Peter NeubauerMagnus Mårtensson

Announcing Neo4j on Windows Azure

Neo4j has a ‘j’ appended to the name. And now it is available on Windows Azure? This proves that in the most unlikely of circumstances sometimes beautiful things can emerge. Microsoft has promised Java to be a valued “first class citizen” on Windows Azure. In this blog post we will show that it is no problem at all to host a sophisticated and complex server product such as the Neo4j graph database server on Windows Azure. Since Neo4j has a REST API over HTTP you can speak to this server from your regular .NET (or Java) applications, inside or outside of the cloud just as easily as you speak to Windows Azure Storage.
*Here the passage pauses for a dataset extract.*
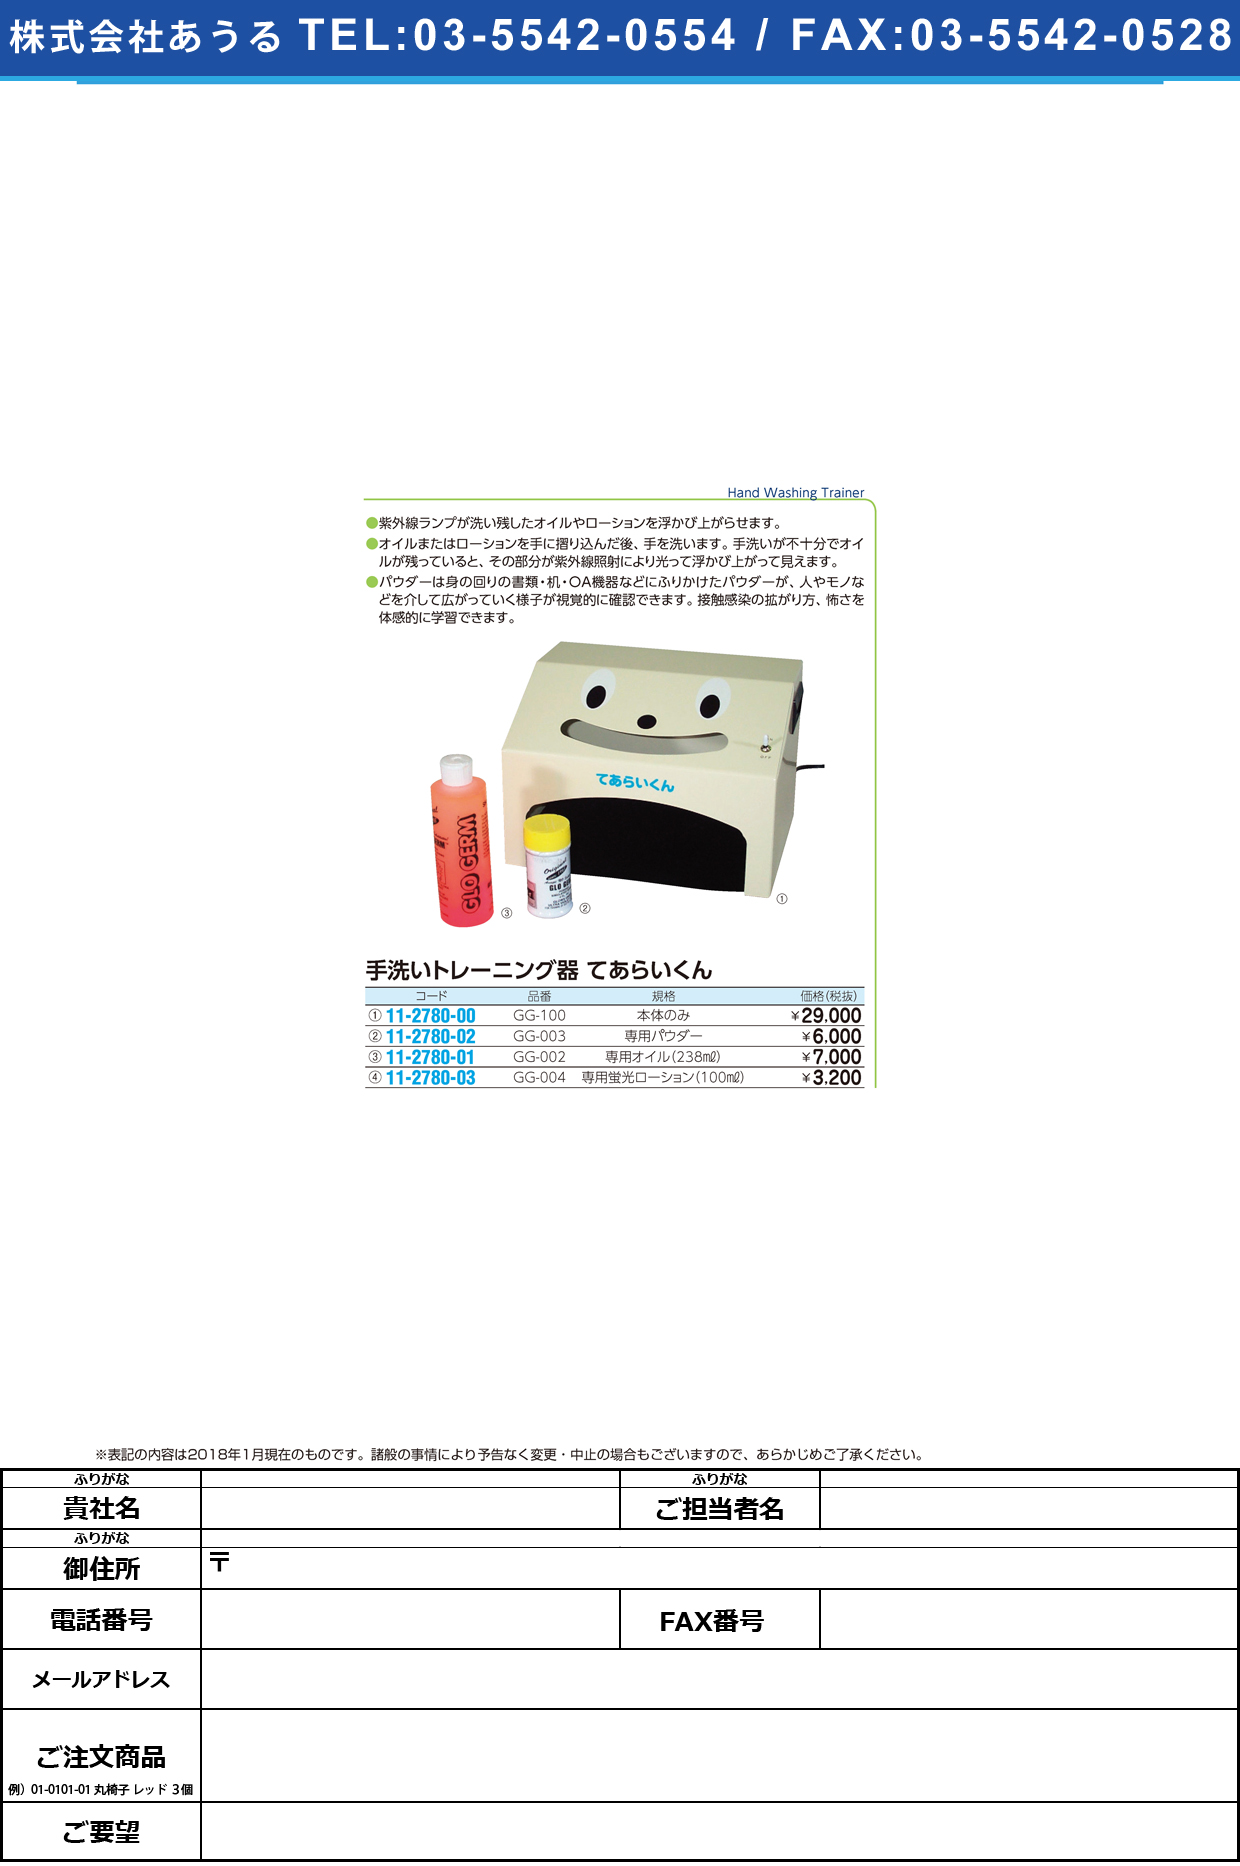 (11-2780-03)手洗いトレーニング器用蛍光ローション GG-004(100ML) ﾃｱﾗｲﾄﾚｰﾆﾝｸﾞｹｲｺｳﾛｰｼｮﾝ【1本単位】【2018年カタログ商品】

This first version (1.0 “JFokus“) of our deployment is a bit simplified in some areas. Still it is a complete and fully functioning deploy of Neo4j to Windows Azure. We are already working on the next major release (2.0) which will be much more turn-key; just upload the application to Windows Azure and launch.
Furthermore we have serious plans to use this approach, Neo4j in Windows Azure, on a live project where we are backing a server application with complex graph calculations. We will layer spatial and social graphs in combined searches on the server side and serve condensed search results to the client applications outside of the Cloud.
This project is not a toy it’s the real deal and it runs very smoothly – Java runs with little or no hassle on Windows Azure!

If you are a .NET developer reading this post

What we have enabled for You, dear .NET developer, is to leverage a really powerful graph database and make it available in Your Windows Azure applications!

You can think of Neo4j as a high-performance schema-free graph engine with all the features of a mature and robust database. The programmer works with an object-oriented, flexible network structure rather than with strict and static tables — yet enjoys all the benefits of a fully transactional, enterprise-strength database.
The data model consists of Nodes, typed Relationships between Nodes and Key-Value pairs on both Nodes and Relationships, called Properties. This is how the Matrix characters and their relationships could look in a Neo4j data model:

How to communicate with it? It is very straight forward: Neo4j communicates using a REST based API over HTTP. This means that you can communicate with it just as easily as you can with standard Windows Azure Storage.

What we have done

The fact of the matter is that Neo4j has been running on Windows for a long time. What we have done in this project is to host it on Windows Azure. We have taken into account such things as dynamic port allocation and the subsequent version will also automatically handle storage backups. The following steps are involved in the deploy of version 1.0:

  • Upload a Java Runtime Environment (JRE) to Windows Azure Blob Storage.
  • Upload Neo4j to Windows Azure Blob Storage.
  • Upload the deployment of the Neo4j Windows Azure hosting project to Windows Azure – which will launch the install automatically.

The install will:
  • Download from Windows Azure Blob Storage to our Windows Azure server instance, and deploy, both the JRE and the Neo4j Server.
  • Configure diagnostics on the Windows Azure server instance to also include the Neo4j logs in the diagnostics collections.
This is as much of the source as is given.